Tom Lehman must have dedication. To be out golfing, after being shot at is amazing. Does anybody know why he was shot at?


----------



## Jesse (Apr 1, 2006)

ditchweed said:


> Tom Lehman must have dedication. To be out golfing, after being shot at is amazing. Does anybody know why he was shot at?


Probably a Phil Mickelson fan. 

I have no idea, actually. It'd be interesting to know what drives someone to hate an athelete so much that they actually want to kill/hurt them. I really dislike Vijay Singh, but I'm definitely not about to go by a pistol and take shots at him...some people are just weird


----------



## ditchweed (Mar 29, 2006)

*Golf True*

No idea on whats going through a persons head, on think some kind of violence is going to solve it. Just enjoy what you can do. People still to the clubs, not the guns.


----------



## enti342 (Apr 9, 2006)

I wouldn't be able to play, Frankly i would be too scared to do anything.


----------



## DOMAINerBLOGer (Mar 27, 2006)

That is something the golf world does not need. People shooting and crazy stuff like that. Golf is not gangster it is a simple sport that does not require anyone to be hurt. Such a sad thing how someone gets shot at for going to their job.


----------



## StAndrew (Apr 5, 2006)

DOMAINerBLOGer said:


> That is something the golf world does not need. People shooting and crazy stuff like that. Golf is not gangster it is a simple sport that does not require anyone to be hurt. Such a sad thing how someone gets shot at for going to their job.

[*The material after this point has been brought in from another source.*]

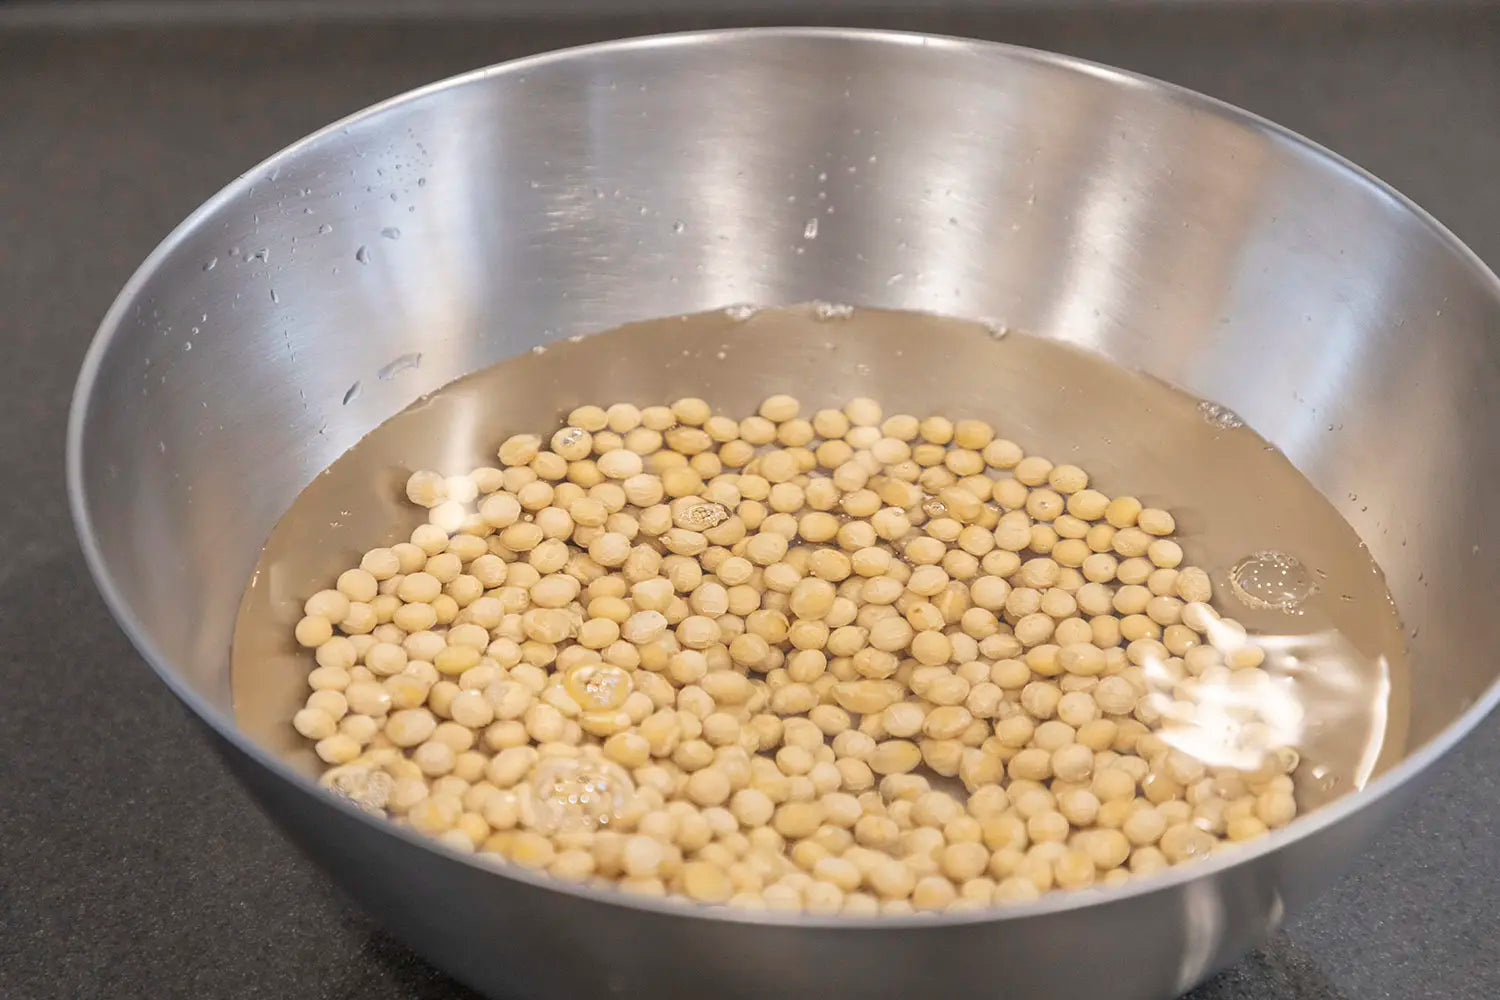 Soaking soybeans in water

Unfortunately, I think it's a sign of the times and further proof of how twisted this society is becoming. I don't know if Lehman was even the target of the attack - they caught the guy later in the week when he shot at another car (missing this time I think). Sometimes you're just in the wrong place at the wrong time. I'm glad no one was hurt in either incident and they caught the guy.


----------